(Beginning of INFORMATION SUPPLIED)
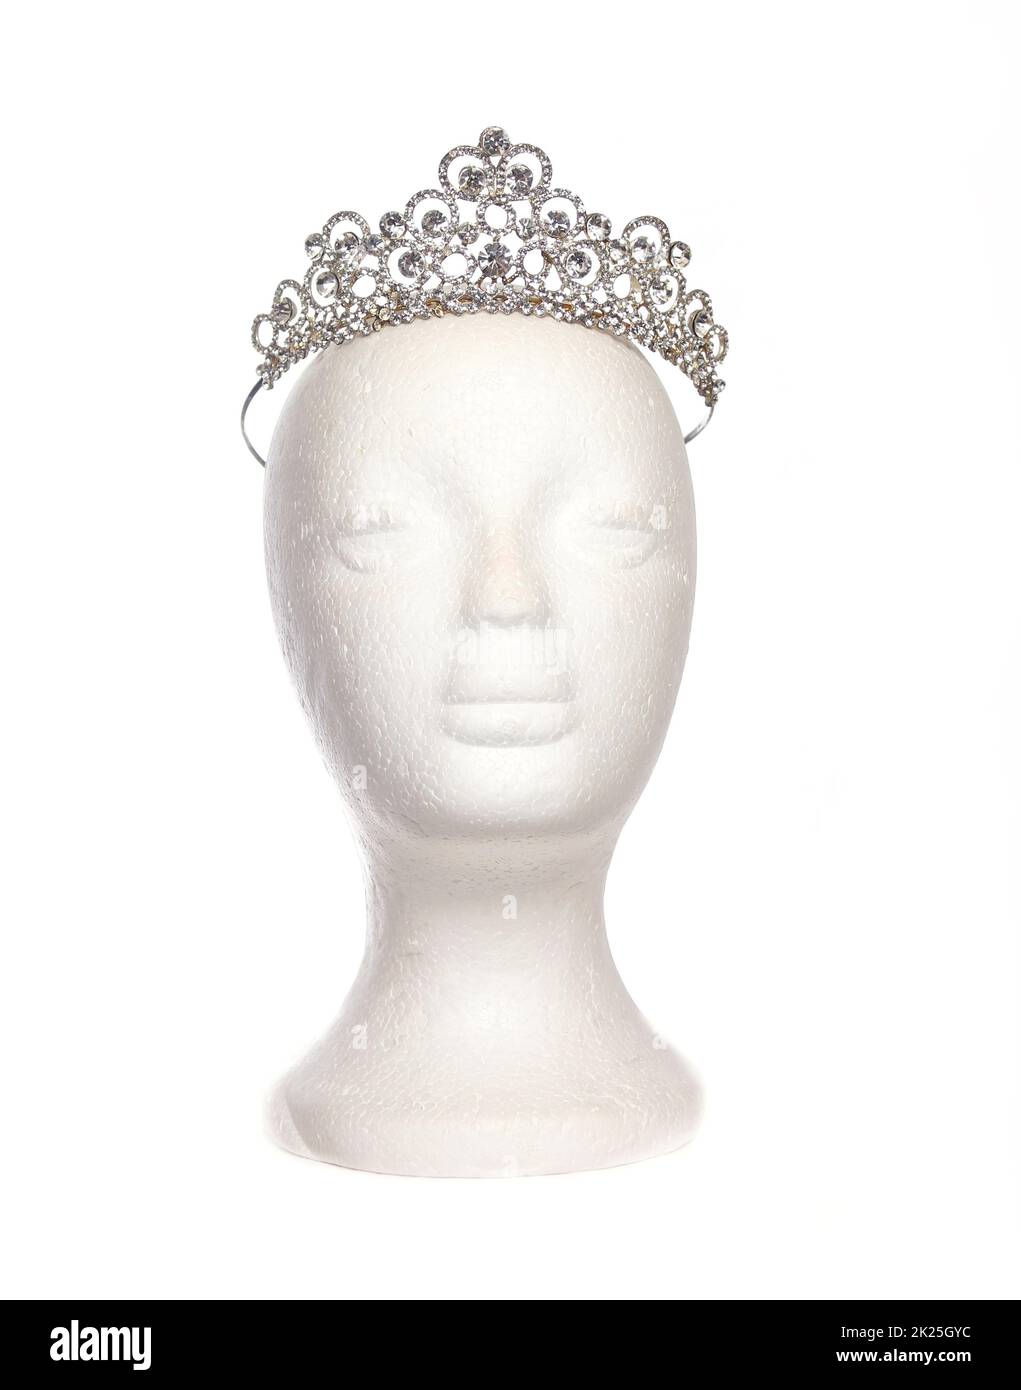 Jeweled Tiara sur la tête de mannequin isolé sur blanc Banque D'Images
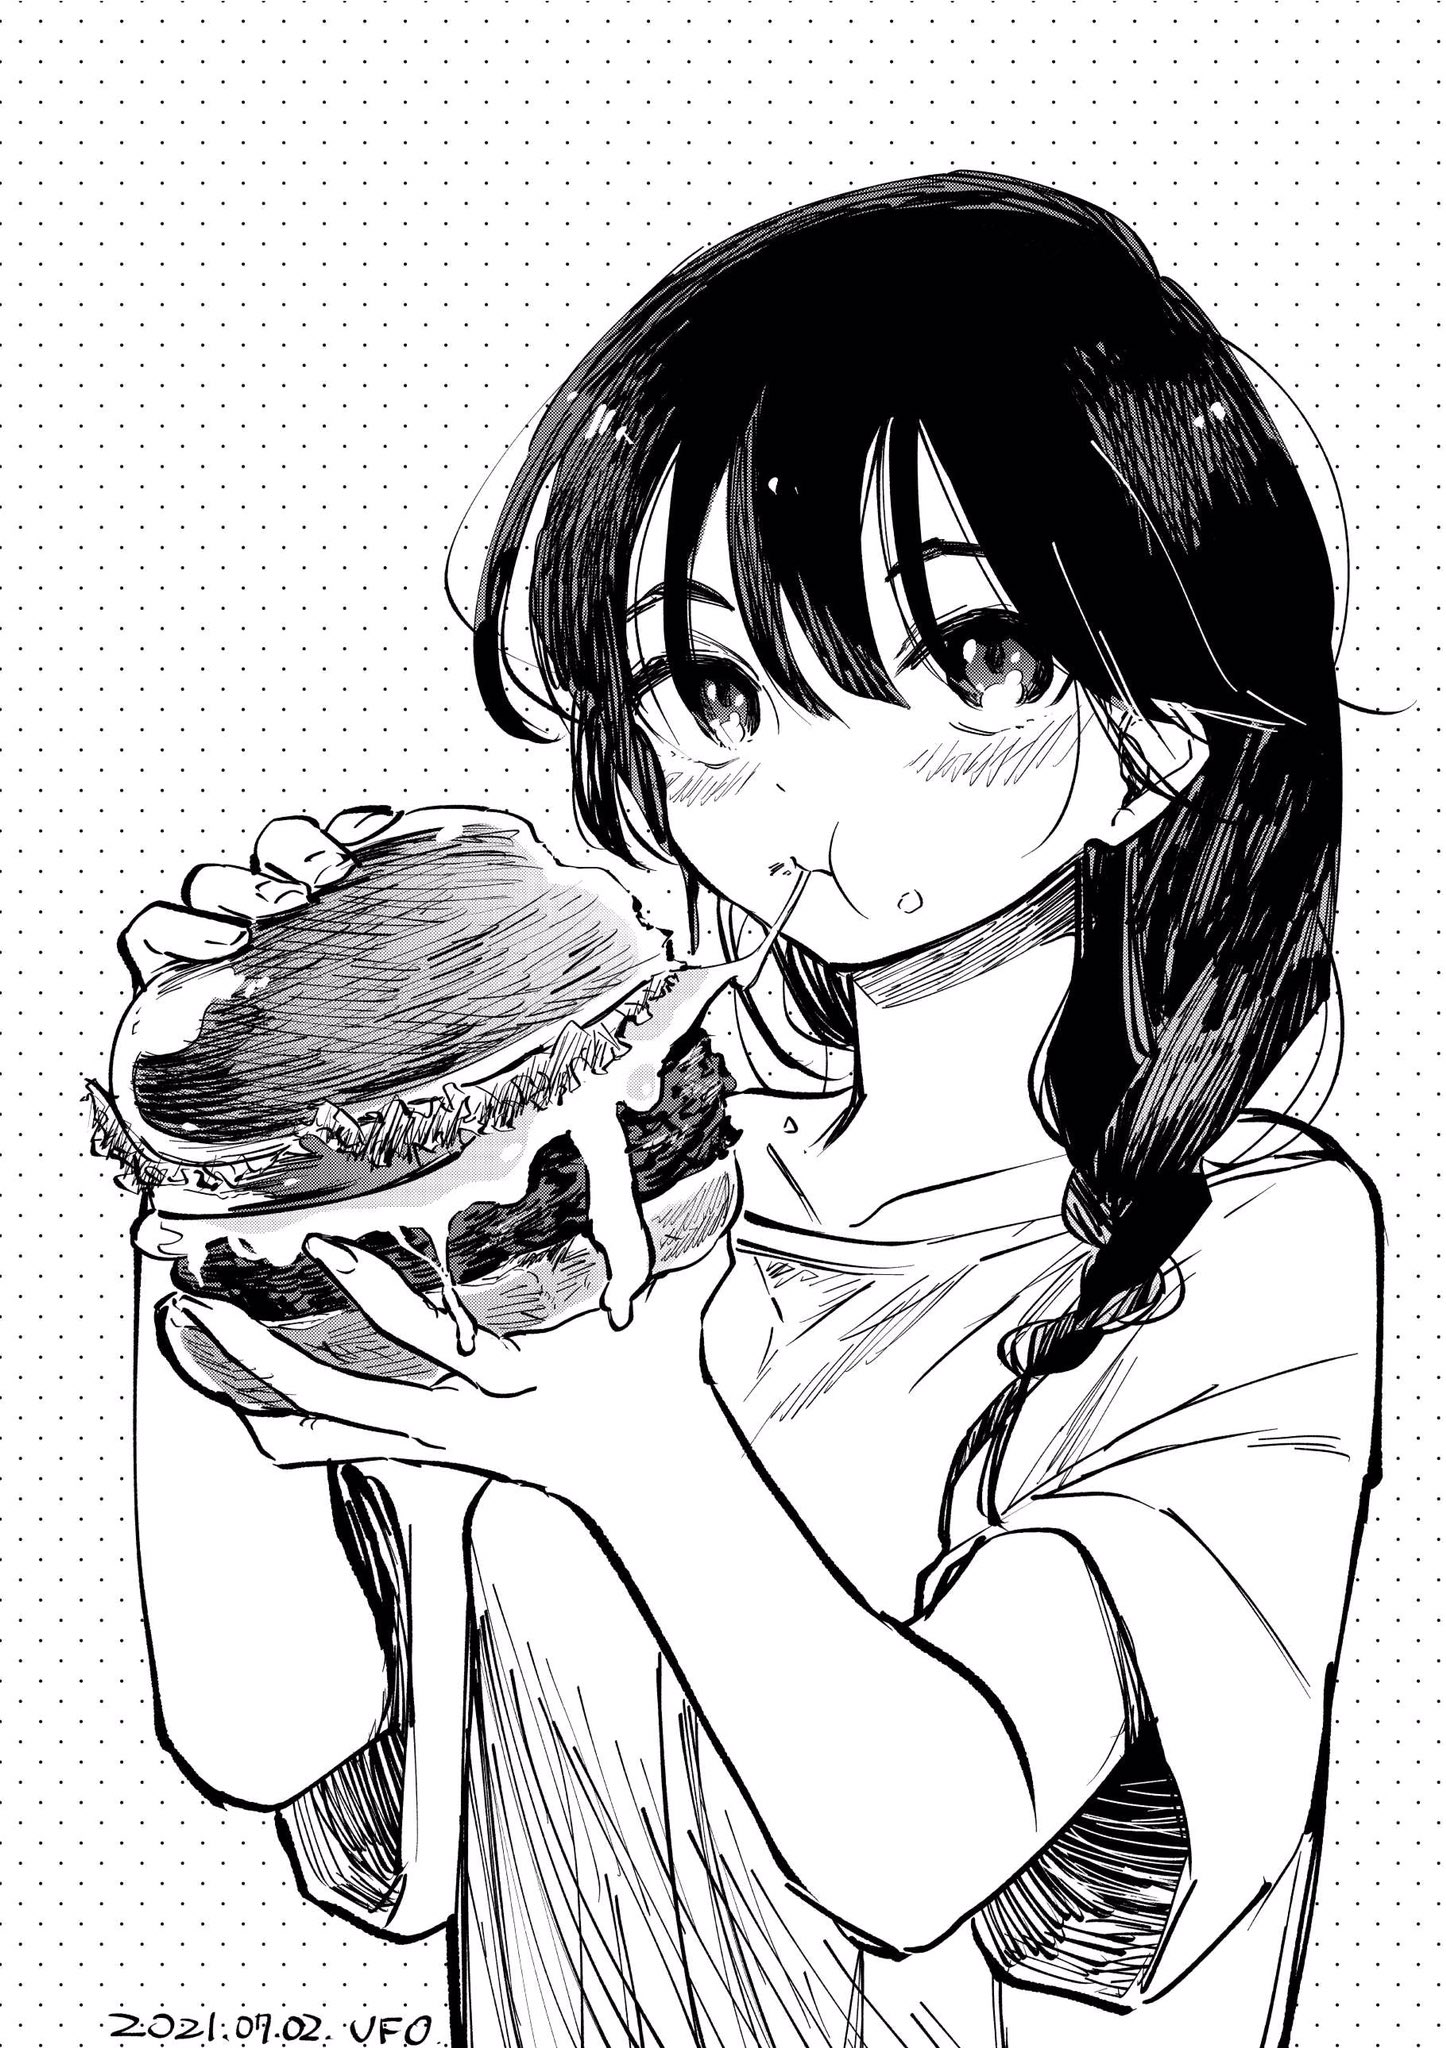 تويتر 野村ufo على تويتر モノクロで食べ物を描く練習 こんぐらいでかいハンバーガー食べてみたい 胃が爆発しそうだけど イラスト 女の子のイラストだけで興味を持ってくれる方へ届け T Co Rxnehxtwej
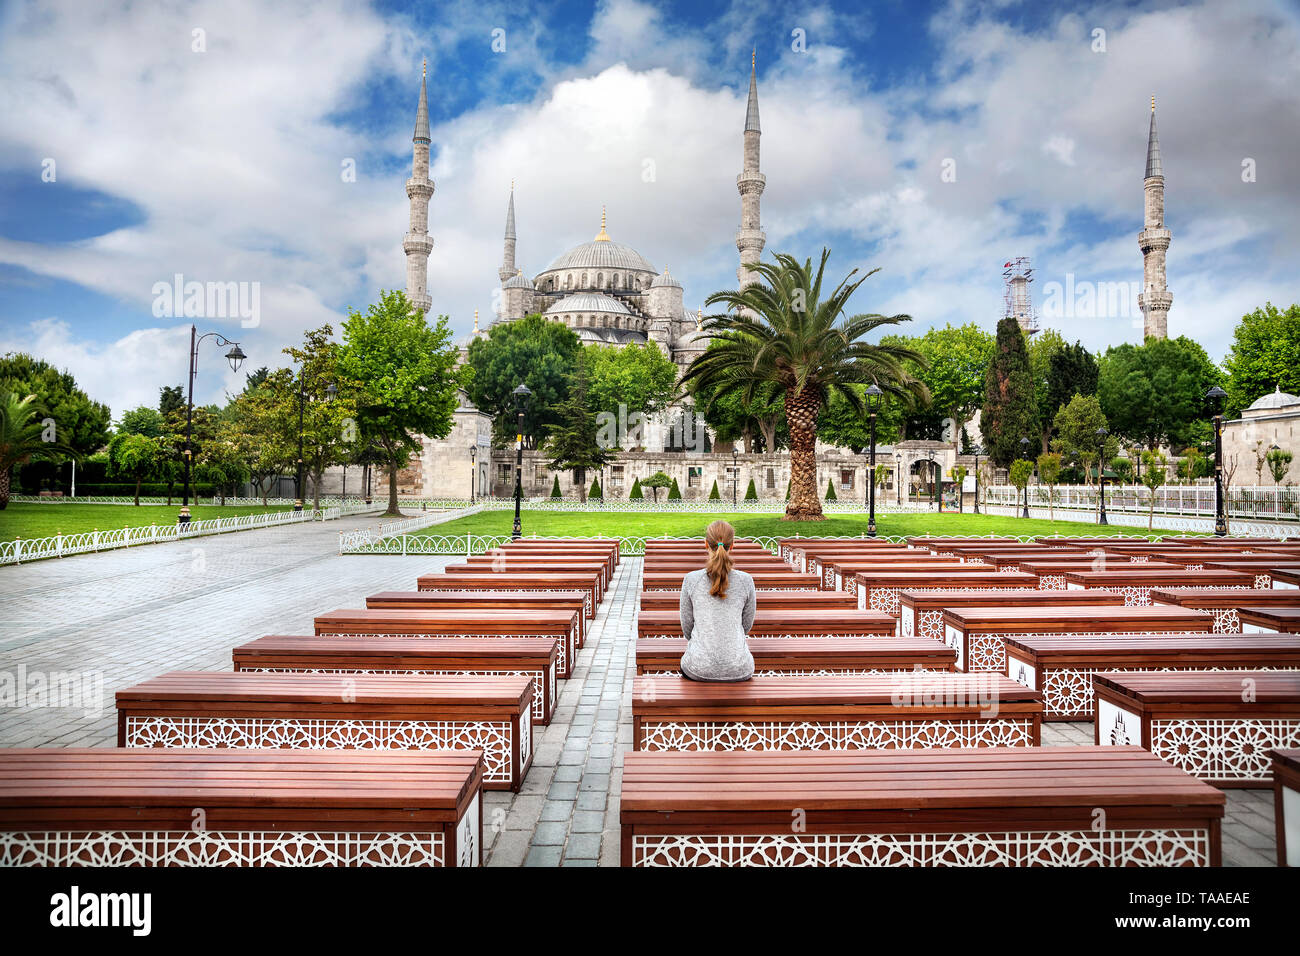 Frau auf der Bank mit Blick auf die Blaue Moschee in Istanbul, Türkei Stockfoto
(End of INFORMATION SUPPLIED)
■ **WORK ITEM**:
Exact output of each line above is wanted, without the pictures.

■ **TASK ANSWER**:
 Jeweled Tiara sur la tête de mannequin isolé sur blanc Banque D'Images
 تويتر 野村ufo على تويتر モノクロで食べ物を描く練習 こんぐらいでかいハンバーガー食べてみたい 胃が爆発しそうだけど イラスト 女の子のイラストだけで興味を持ってくれる方へ届け T Co Rxnehxtwej
 Frau auf der Bank mit Blick auf die Blaue Moschee in Istanbul, Türkei Stockfoto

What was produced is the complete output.